Why MAE over MSE

The Decision

All three models in the EPF ensemble (HistGradientBoosting, LightGBM, XGBoost) use MAE (Mean Absolute Error) as their loss function instead of the more common MSE (Mean Squared Error).

# HistGradientBoosting
{"loss": "absolute_error"}

# LightGBM
{"objective": "mae"}

# XGBoost
{"objective": "reg:absoluteerror"}

Why Not MSE?

MSE squares each error before averaging, which means a single large error has a disproportionate impact on the loss. Consider a simple example with 4 predictions:

Hour	Error (EUR/MWh)	Absolute Error	Squared Error
1	2.0	2.0	4.0
2	-3.0	3.0	9.0
3	1.5	1.5	2.25
4	50.0 (spike)	50.0	2,500.0
MAE		14.1
MSE			628.8

The spike at hour 4 dominates the MSE loss (2,500 out of 2,515 total), pulling the model toward minimizing spike errors at the expense of typical-hour accuracy. Under MAE, the spike is still the largest error but doesn’t dominate the gradient signal.

Electricity Price Characteristics

Spanish electricity prices exhibit three properties that make MSE problematic:

1. Right-Skewed Distribution

Prices cluster between 0–80 EUR/MWh most of the time but occasionally spike to 200+ EUR/MWh during demand peaks, maintenance outages, or renewable droughts. These positive outliers make the distribution right-skewed.

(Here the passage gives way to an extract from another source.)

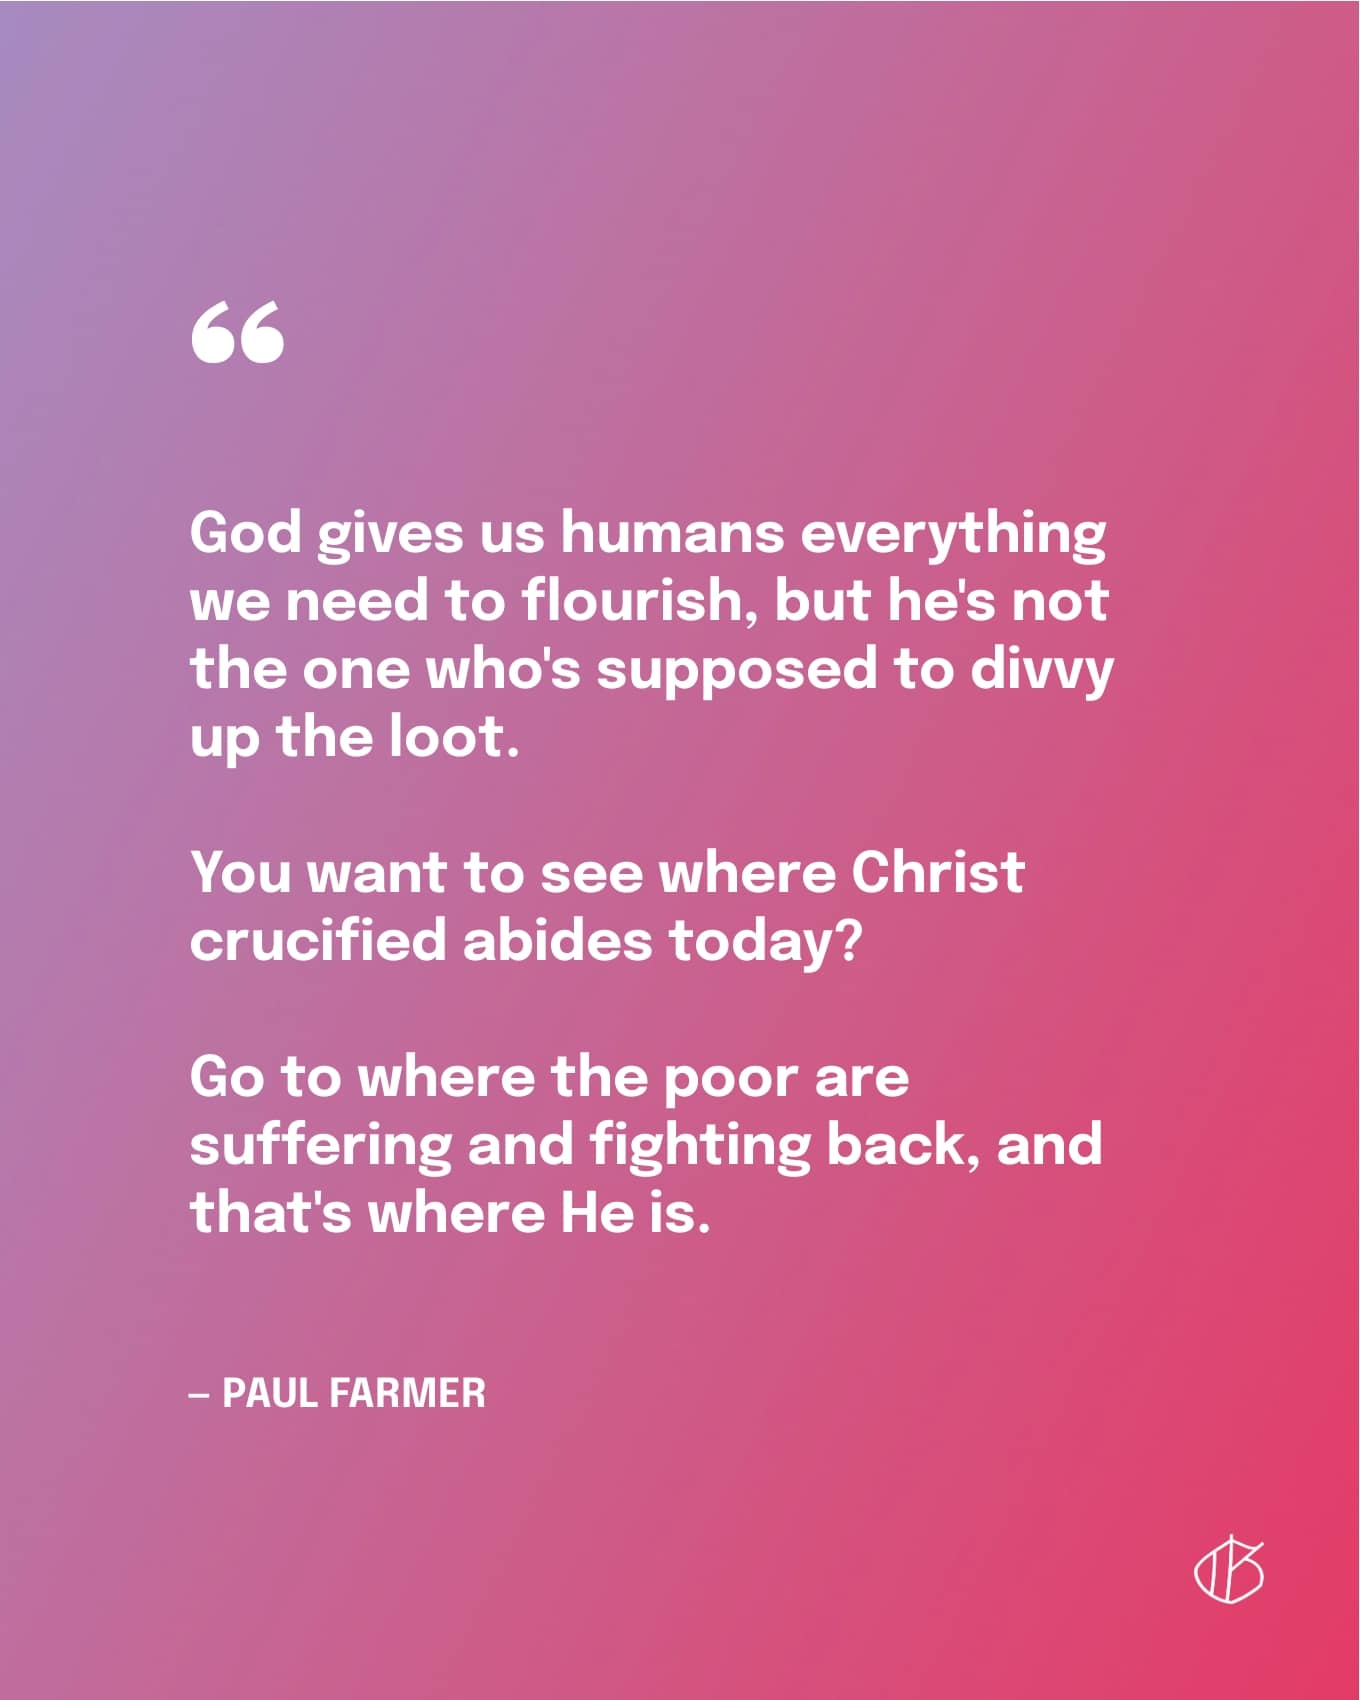 Paul Farmer Quote: “God gives us humans everything we need to flourish, but he's not the one who's supposed to divvy up the loot. You want to see where Christ crucified abides today? Go to where the poor are suffering and fighting back, and that's where He is.” — Paul Farmer

2. Heteroscedastic Volatility

Price variance is not constant — it’s higher during peak hours (8:00–21:00) and lower during night hours. MSE-trained models overweight peak-hour errors, reducing off-peak accuracy.

3. Occasional Negative Prices

During high renewable generation periods, prices can go negative. The asymmetry between negative and positive outliers means MSE-trained models are pulled toward the positive tail.

MAE: Predicting the Median

A key theoretical property: MAE-optimized models predict the conditional median, not the conditional mean. For right-skewed distributions, the median is lower than the mean. This creates a systematic negative bias during high-price periods — the model slightly underpredicts when prices are elevated.

Bias Correction

The median-targeting behavior is handled post-prediction by the bias correction system:

Track hourly bias: Rolling 30-day mean error per hour-of-day
Apply correction: Subtract the systematic bias from raw predictions
Clip negative prices: For hours where negative prices are rare (under 5% of history), floor predictions at 0

This two-stage approach (MAE for robust fitting + bias correction for mean alignment) outperforms direct MSE training on both typical and extreme price scenarios.

Trade-off Summary

Property	MAE	MSE
Outlier sensitivity	Robust	Sensitive
Optimization target	Median	Mean
Gradient stability	Constant magnitude	Proportional to error
Typical-hour accuracy	Better	Worse
Spike-hour accuracy	Slightly worse (corrected by bias)	Better (but at cost of typical hours)
Interpretability	Direct EUR/MWh meaning	EUR²/MWh² (less intuitive)

Empirical Validation

Backtest comparisons confirmed the MAE advantage: MAE-trained models achieved lower overall MAE by 5–10% compared to MSE-trained models, with improvements concentrated in the off-peak hours (0:00–7:00 and 22:00–23:00) where prices are more stable and predictable.